Tiga perempuan ini adalah penerima manfaat dari program Rehab atau pembangunan Rumah Tidak Layak Huni (RTLH) TNI Manunggal Membangun Desa (TMMD) Reguler ke 128 tahun 2026 yang dilaksanakan Kodim Aceh Timur.
Mereka masing-masing Rugaiyah, Cut Faridah dan Mariana. Ketiga perempuan Aceh yang kini memasuki usia senja atau lansia tersebut benar-benar hebat dalam perjuangan hidupnya dan cukup bersahaja.
Dengan kondisi segala keterbatasan, tinggal dirumah yang tidak layak huni dan bahkan hanya seorang diri sejak anak anak mereka berkeluarga. Tiga perempuan hebat ini tak pernah kendur dan patah semangat dalam menjalani hidup mereka hingga jelang usia renta.
Ternyata takdir berkata lain, Tuhan pemilik segala dunia dan isinya akhirnya memberikan kebahagiaan kepada tiga perempuan hebat ini jelang usia renta mereka melalui personel TNI AD.
Kehadiran Program TNI Manunggal Membangun Desa (TMMD) Reg ke 128 Kodim Aceh Timur di Alue Canang membawa bahagia bagi mereka. Istana mereka yang selama ini tidak layak huni akhirnya berhasil dibangunkan sangat layak huni, sehat dan asri.
Irdam IM, Brigjen TNI Heri Purwanto, usai upacara penutupan TMMD di Lapangan Bolakaki Desa Alue Canang Birem Bayeun, Kamis 21 Mei 2026 langsung menyerahkan kunci rumah yang telah dibangun Satgas TMMD kepada Rugaiyah.

Rugaiyah saat ditanya halaman7.com usai menerima kunci rumah dari Irdam IM menyatakan tidak menyangka diusianya menjelang senja bisa memiliki rumah sehat sangat layak huni ini.
“Sudah 30 tahun nak, ibu dan keluarga menempati rumah lama yang memang kondisinya sudah reot dan tidak layak,” ujarnya.
Namun apa yang mau dikata, itulah kemampuan ibu dan almarhum suaminya dalam menjalani hidup.
Kami tidak berkecukupan, namun kami juga bersyukur karena mampu menjalani hidup ini dengan cukup bersahaja,” sebutnya lirih terlebih pasca ditinggal alm suaminya 16 tahun lalu.
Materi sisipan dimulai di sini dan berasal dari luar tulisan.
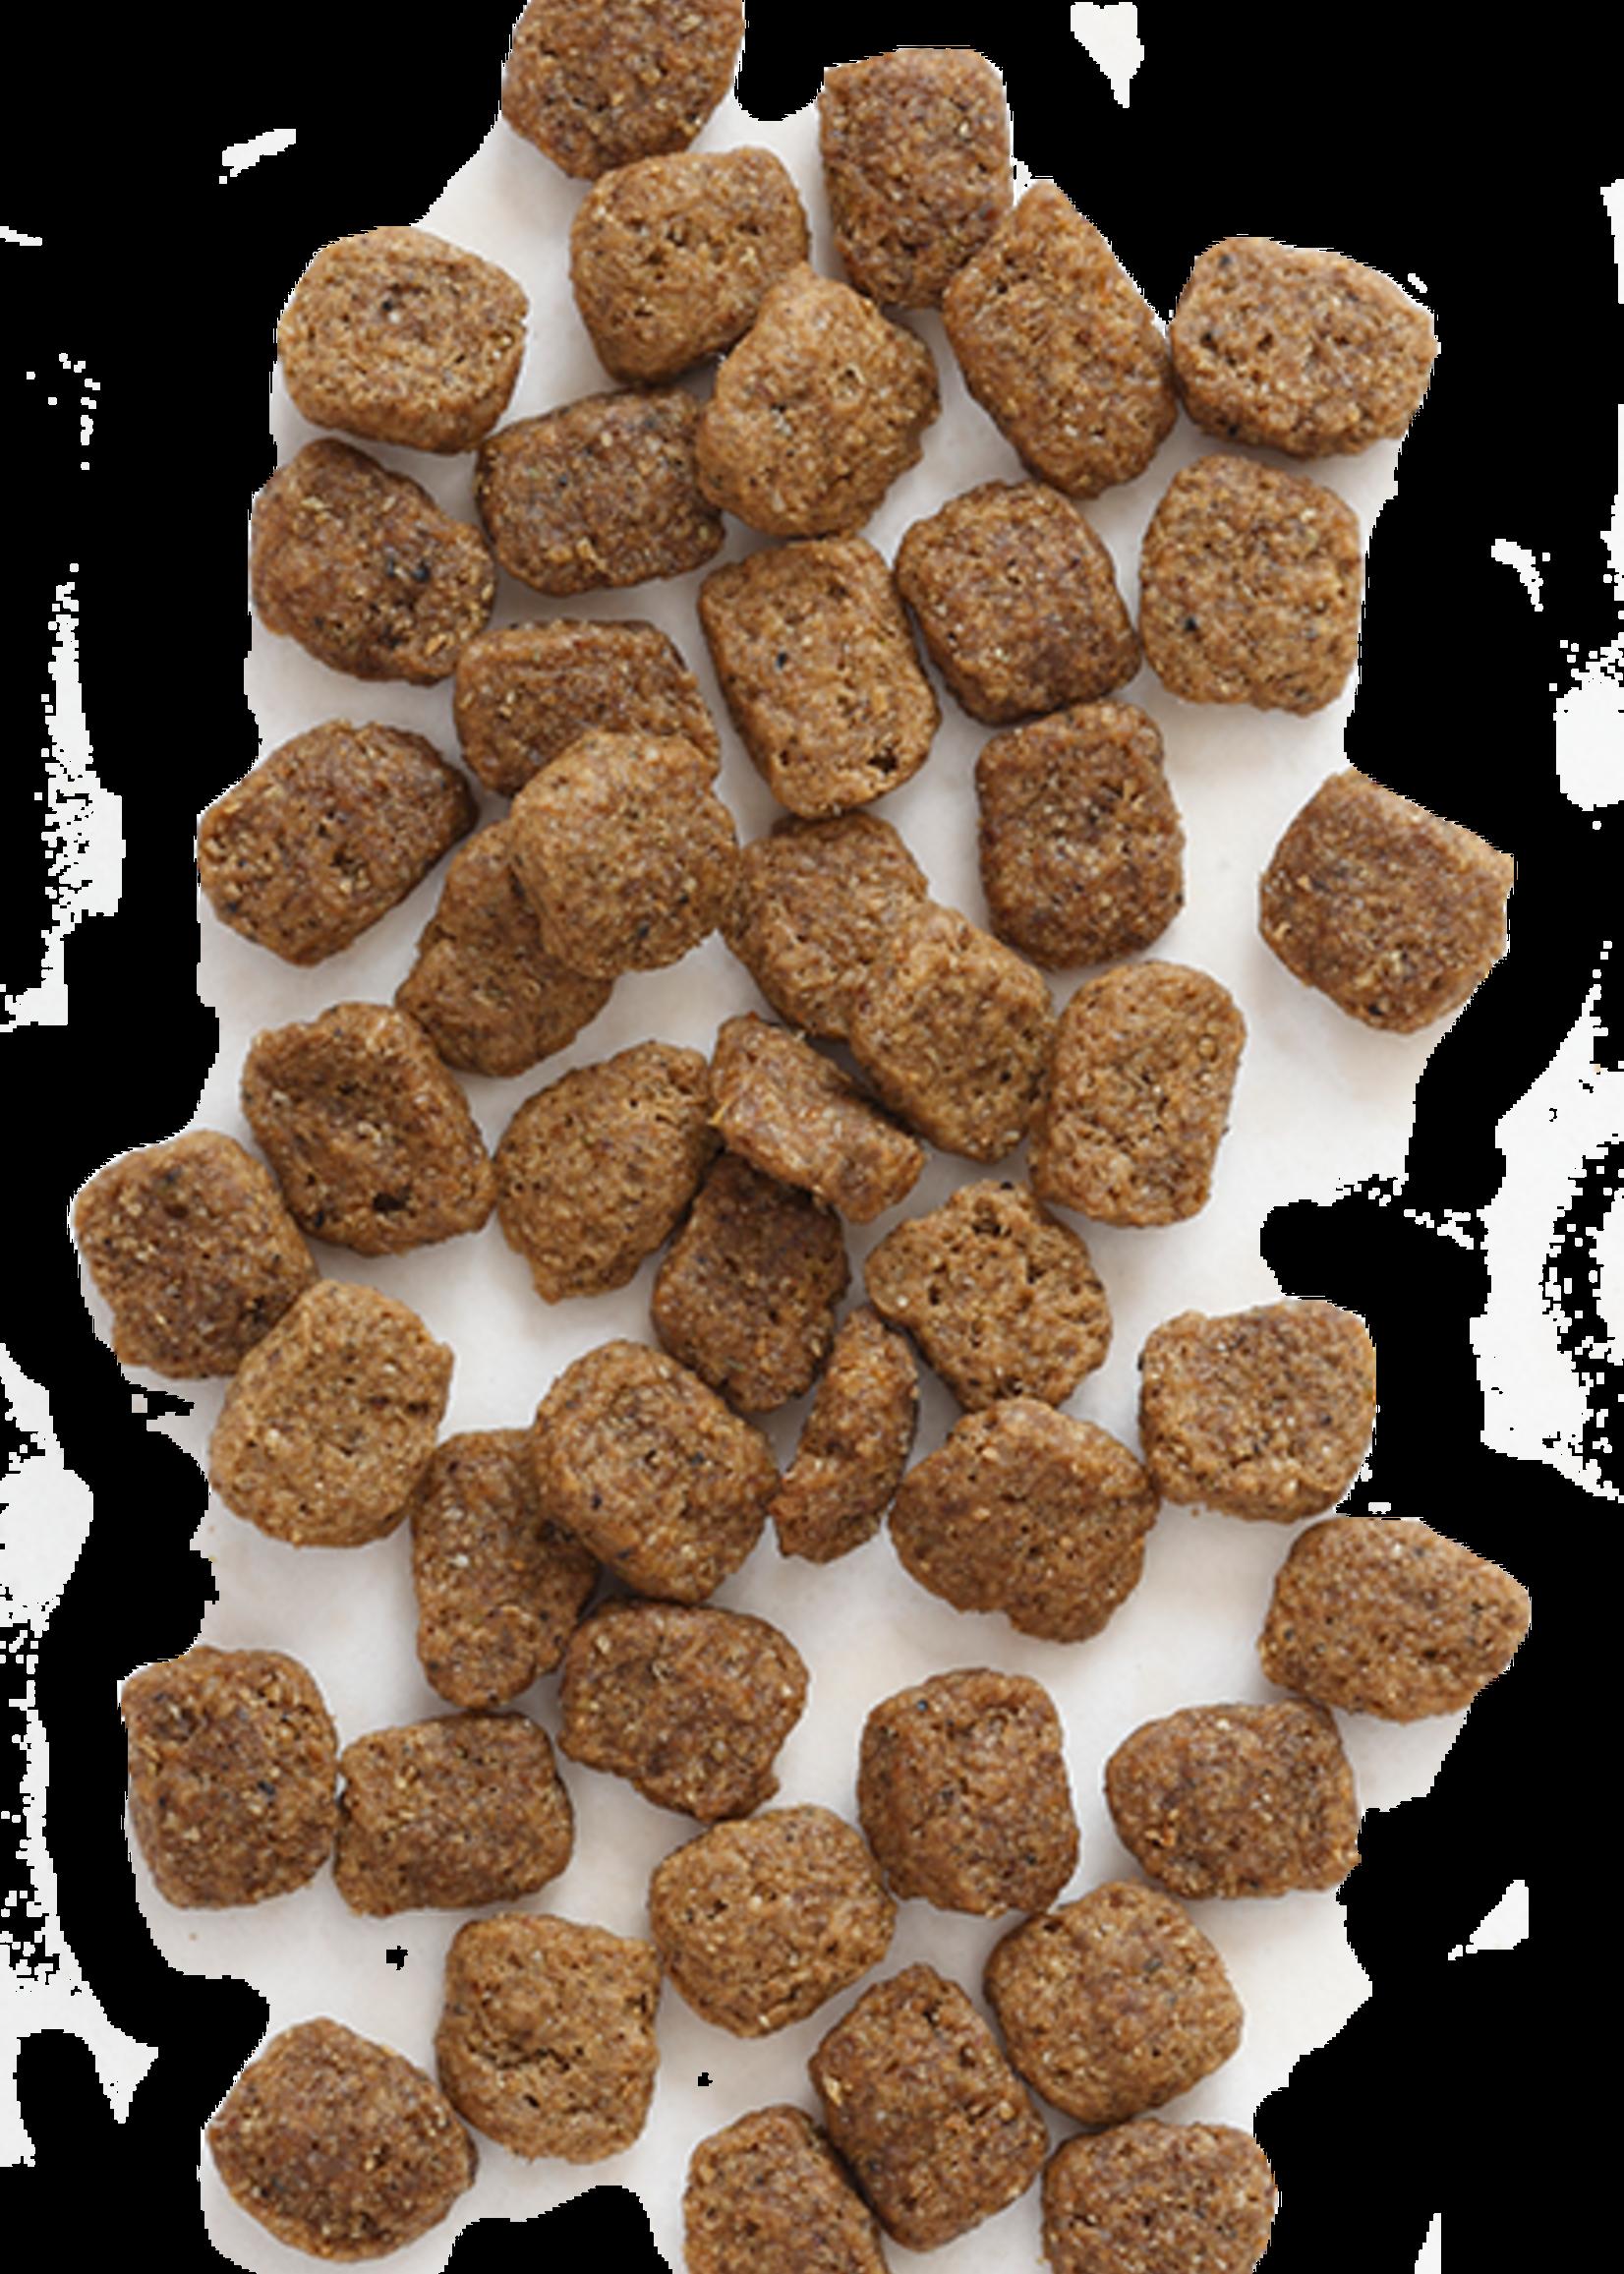 Earthborn by Midwestern Pet Earthborn Dog Dry Holistic Meadow Feast

Sebagai informasi, Rugaiyah kelahiran Desa Batu Melenggang, 31 Desember 1964 dan status cerai mati. Beragama Islam dengan alamat di Dusun Teungoh Gampong Alue Canang Birem Bayeun.[]
[Tulisan ini diikutsertakan dalam Lomba Karya Jurnalistik TNI Manunggal Membangun Desa (TMMD ) ke 128 Tahun 2026]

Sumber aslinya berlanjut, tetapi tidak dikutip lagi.